A l'occasion du 250e anniversaire de la mort de , la claveciniste nous convie à un voyage musical visant à nous faire découvrir l'univers parfois méconnu et ô combien passionnant du clavecin. Les quelque 555 sonates laissées par le compositeur n'appartiennent ni au style classique, ni au baroque, car celui-ci ayant beaucoup voyagé, peut être considéré à la fois comme italien, portugais et espagnol.

Pour notre plaisir, plusieurs sonates sont interprétées sur différents claviers de toutes époques. Concernant l'une d'entre elles en particulier, probablement la plus célèbre, portant le numéro d'opus K 141, on a l'impression que le clavecin « imite » la guitare. Pour produire cet effet, Scarlatti utilise des notes répétées et des accords colorés d'une manière assez linéaire, cette œuvre étant considérée comme un véritable morceau de bravoure. Aline d'Ambrécourt, sans aucune retenue bien au contraire, avec beaucoup de détermination, redonne vie à cette brillante partition. Bien que ce film ne soit pas un concert filmé, les autres sonates qu'elle a également choisi d'interpréter avec exigence permettent de rendre compte que sa largesse de jeu, sa technique impeccable, et sa virtuosité, qui s'accordent parfaitement avec une fine intelligence musicale, s'inscrivent dans un style à la fois souple et ample, sachant toutefois être énergique lorsqu'il le faut. La sonate K 446, quant à elle, est jouée tout en finesse et délicatesse, l'artiste étant en permanence à la recherche du léger raffinement qui pourrait encore agrémenter le plaisir de l'auditeur. Bien entendu, les compositions de Scarlatti sont suffisamment rafraîchissantes pour que le plaisir soit toujours présent, dès les premières mesures.

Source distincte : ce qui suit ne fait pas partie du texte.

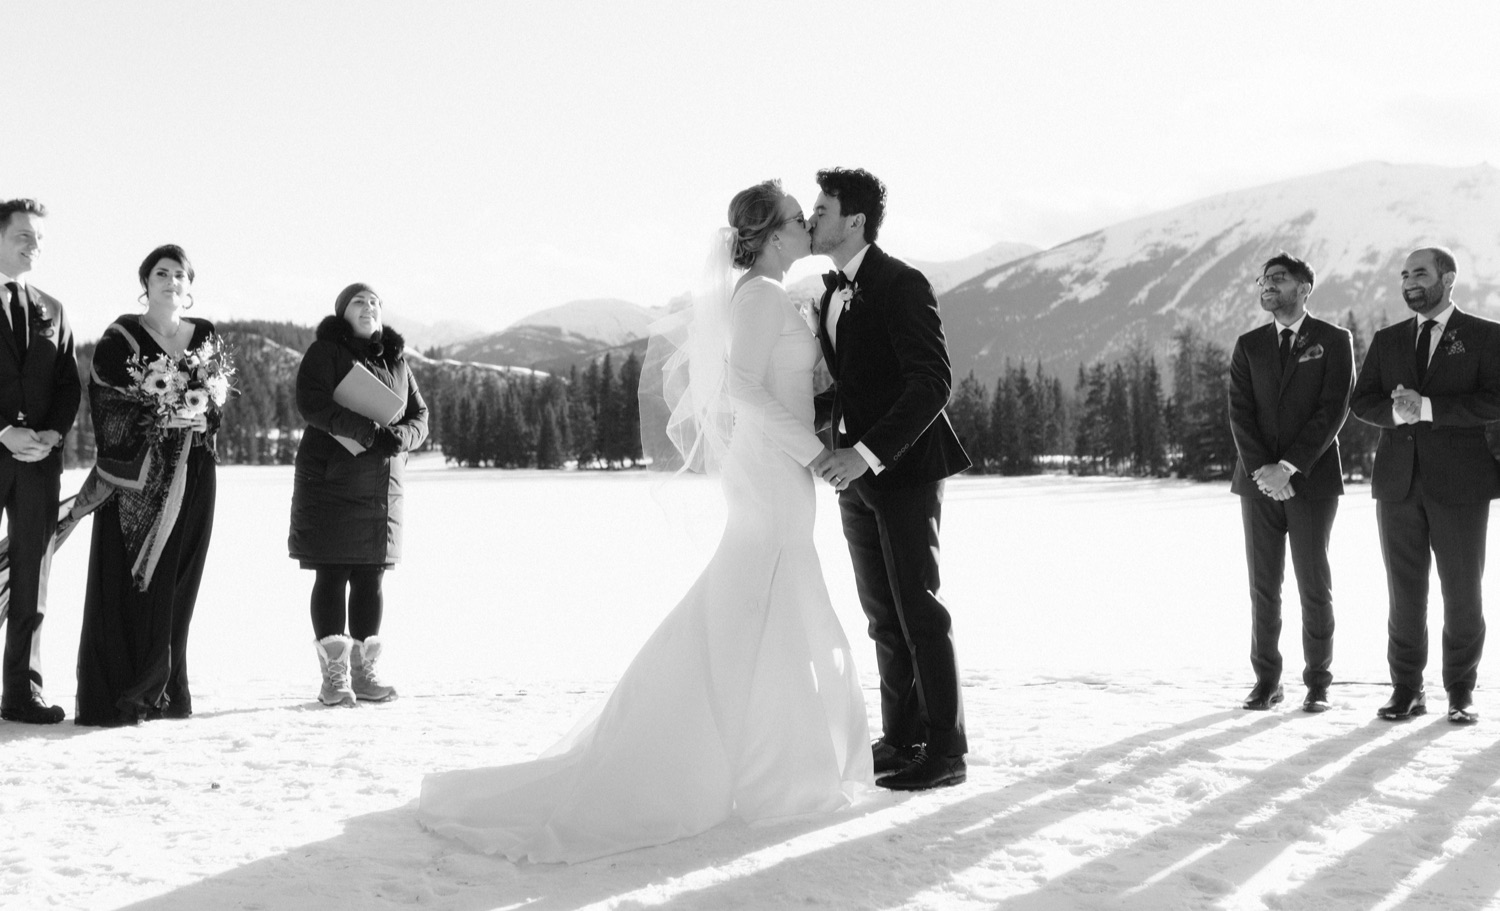 Timeless first kiss at Jasper Park Lodge outdoor winter wedding

Cependant, en ce qui concerne Scarlatti, comme l'indique le titre du film, on regrettera que le contenu ne soit pas vraiment approfondi dans ce domaine, cela risquant de décevoir les musiciens qui seraient uniquement désireux d'approfondir leurs connaissances du génial compositeur (né la même année que Bach ou Haendel, en 1685). Bien que le scénario, qui prend celui-ci comme point de départ, donne la parole à plusieurs intervenants de qualité (docteur en musicologie, facteurs et restaurateurs de clavecins, collectionneur, antiquaire expert) qui enrichissent notre connaissance de l'instrument, on aimerait en savoir davantage sur le compositeur qui a tant donné pour le clavecin. Le véritable propos du documentaire étant plutôt « la découverte du clavecin à travers Scarlatti », mais il est assez difficile d'évoquer le premier sans parler de l'autre.

Signalons, pour terminer, que la claveciniste, qui souhaite vraiment nous transmettre sa passion de l'instrument a réalisé elle-même ce documentaire musical, initiative courageuse méritant d'être remarquée. La caméra, qui s'attarde quelquefois sur ces anciens clavecins (dont les scènes dont on les a ornés en font des véritables chefs-d'œuvre), indique que celui-ci a toujours symbolisé une certaine élégance, ce qui fait de ce documentaire un portrait agréable pour les yeux et les oreilles. Quant à l'auteur des 555 sonates, il a tant apporté au clavecin que son nom reste définitivement attaché à l'instrument. En paraphrasant Cioran, on pourrait dire « S'il y a quelqu'un à qui le clavecin doit tout, c'est Scarlatti. Sans lui, le clavecin ne serait rien »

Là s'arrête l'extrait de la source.